Mobile Healthcare Access
Members of the project team were in Lombok at the time of the two major earthquakes and were compelled to offer assistance to the people of Lombok.
The project team assisted in channeling donations and supplies to the people of Lombok through their generous donors and community network.
The team identified several small villages in the Tanjung area that were severely affected by the earthquake and provided several medical teams to assist in emergency care and referral to local hospitals. In the time following the emergency period the medical team reported that there were an increasing number of primary health care cases that needed attention with some requiring referral.
Currently the health services in the North of Lombok are significantly affected with clinics and hospitals not only sustaining structural damage to their buildings but also having significant numbers of their staff affected by this tragedy. Therefore the health system is not only overwhelmed by emergency medical cases and follow up of those cases, but, currently does not have the human resource capacity to manage the routine flow of community patients.
With many earthquake affected communities (over 400,000) in camps for an unknown amount of time, and community clinics and hospitals rebuilding their capacity it is proposed that there is implementation of a pilot program called Mobile Healthcare Access (MHCA).
MHCA will consist of a specially fitted and equipped vehicle, staffed with a doctor, nurse, midwife that will provide basic primary care to evacuation camp inhabitants.
It is envisaged that this pilot program will be assessed after six (6) months with the option to scale the program depending on the need.
Proposed Service Area
The project team has been supporting several evacuation camps within the Bentek area near Tanjung regency.
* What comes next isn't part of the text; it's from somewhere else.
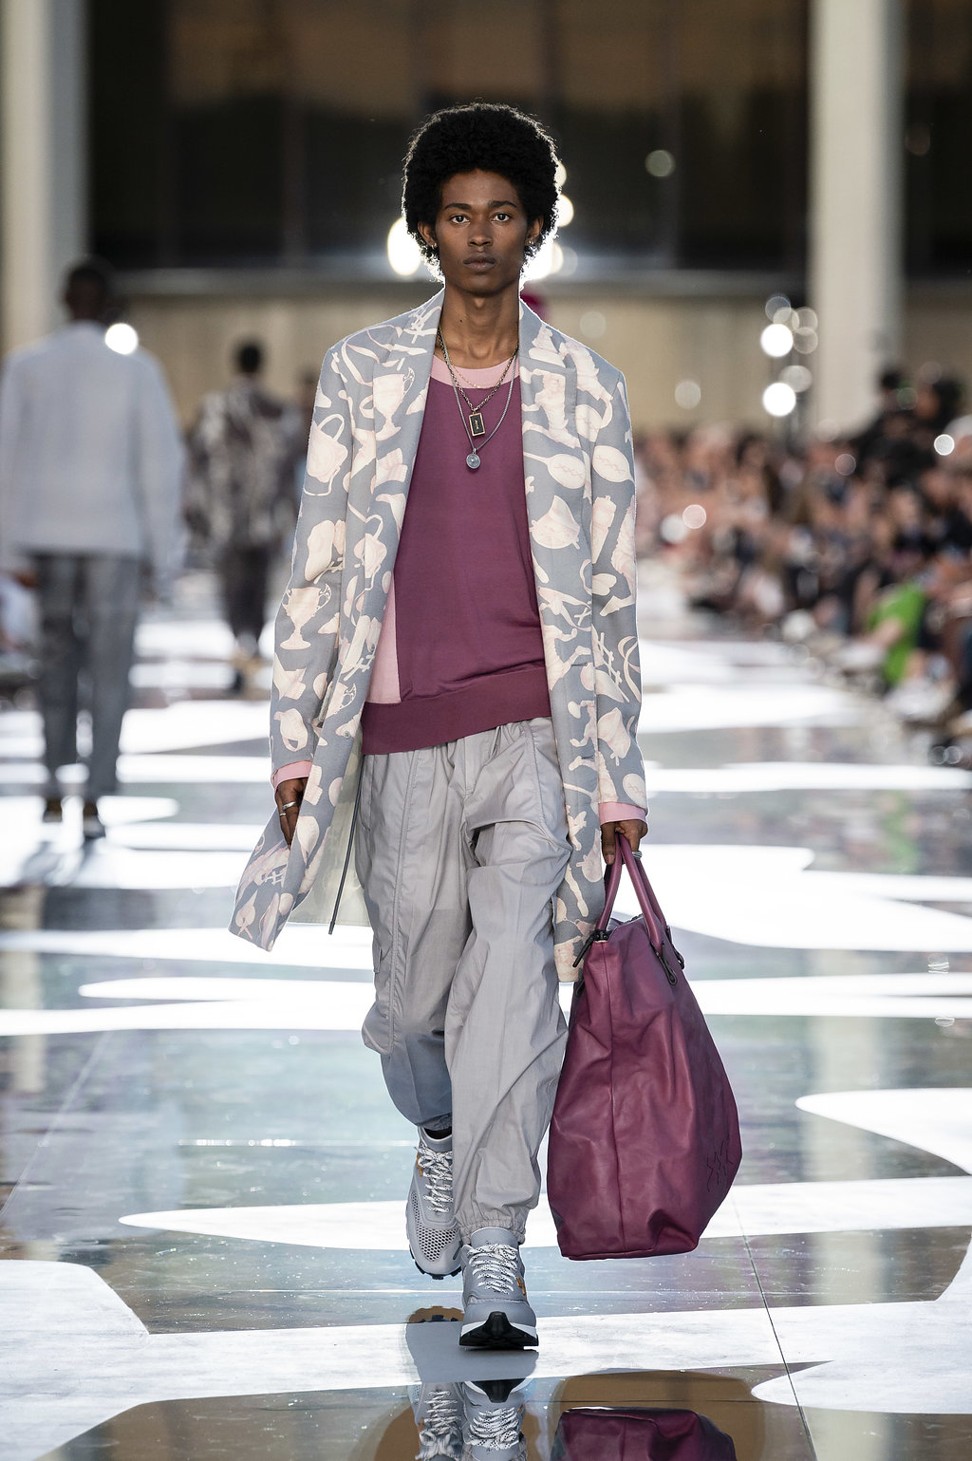 Zegna’s spring summer 2019 collection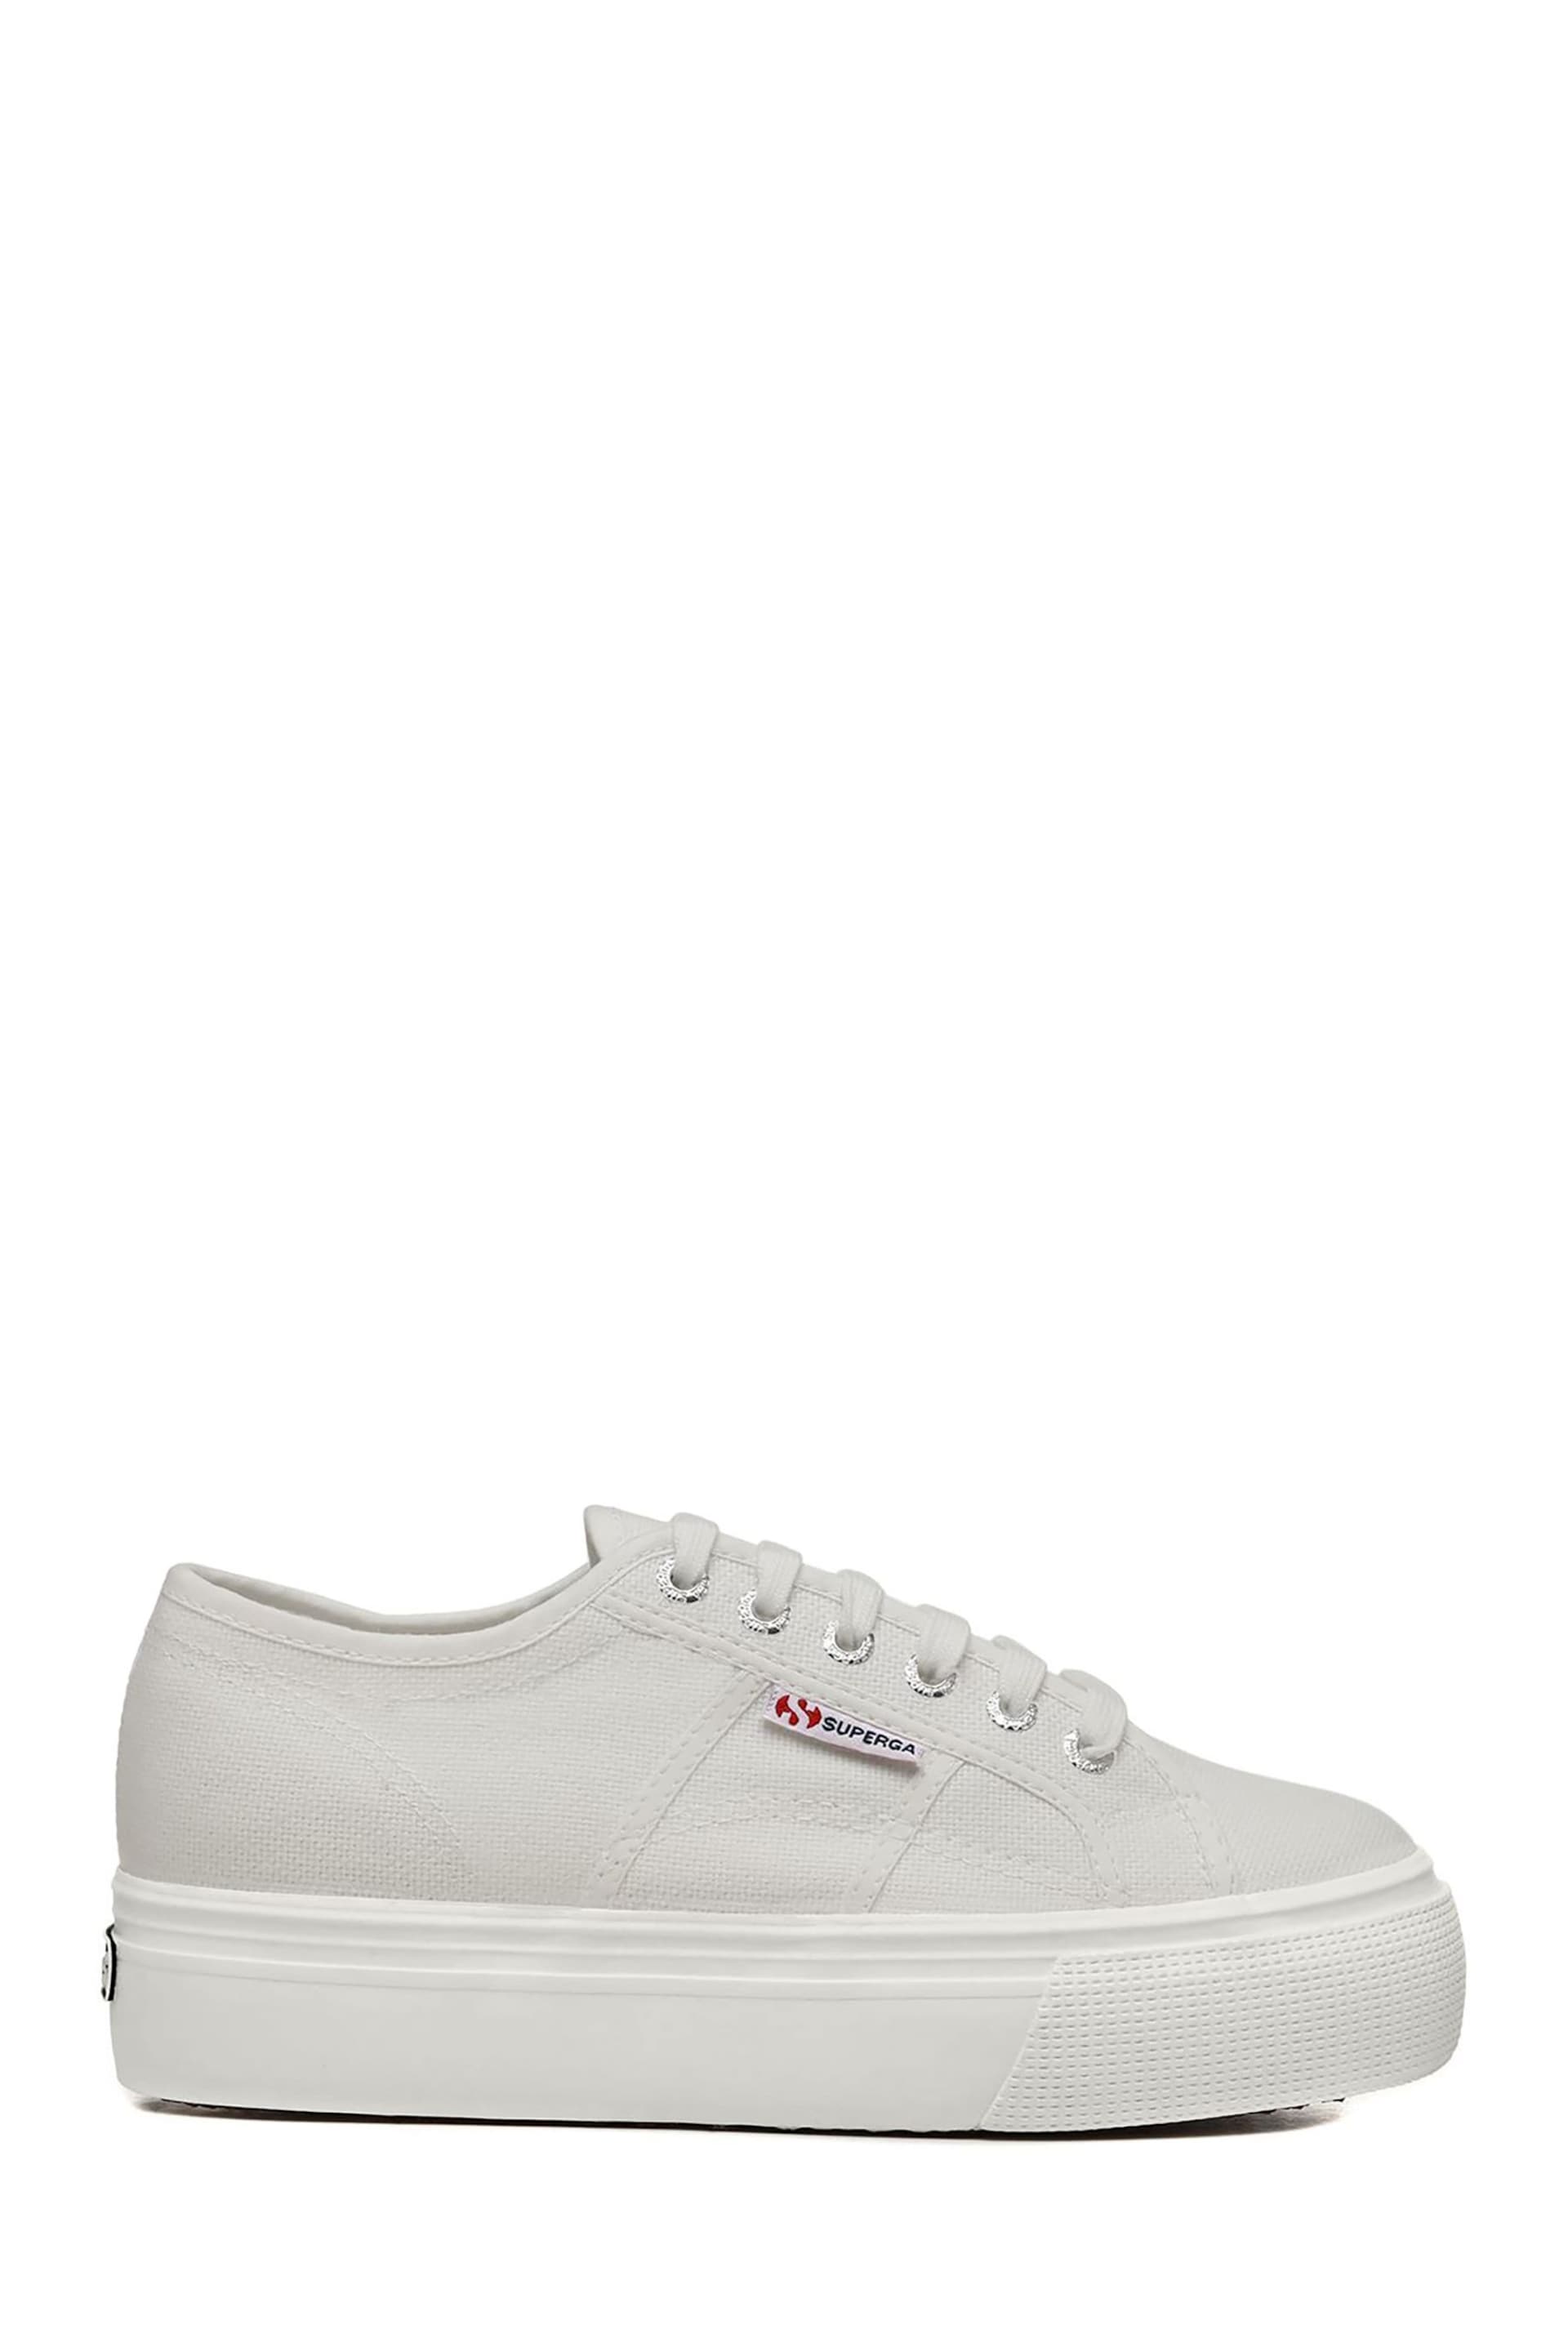 Superga Grey green 2790-Cotw Linea Up And Down Trainers - Image 1 of 5

The camps are spread across several kilometers and house around 3000 people.
Currently the health care service is under significant stress as it rebuilds facilities as well as works towards rebuilding human resource capacity.
The evacuation camps pose a risk to public health with poor sanitation, compromised hygiene and the high probability of related healthcare issues.
Communities within the camps are reluctant or unable to leave their families to travel to a local clinic or hospital and are significantly affected by psychological trauma, which restricts how far they are willing to travel away from their families.
The Indonesian government has been proactive in providing emergency healthcare support and is focused on the efforts to rebuild local medical facilities. With fewer emergency cases within the camps the initial government personnel have started to withdraw.
Currently the primary barrier to health care is access.
Anecdotal field research data from the Bentek area will be reviewed to create an informed strategic intervention for this project. Reviewing data and working closely with government agencies will set the project up for success.
The MCHA project will support the existing local community health workers who are trained and equipped to treat routine health needs, to mobilize the community for daily or weekly clinic visits, and to identify, refer and communicate emergency cases. The project will also capitalize on Project Karma’s existing partnerships for health education and intervention in schools, expanding and empowering the capacity of beneficiaries.
The project targets children, youth, women, and families from poor, vulnerable, and underserved communities in North Lombok.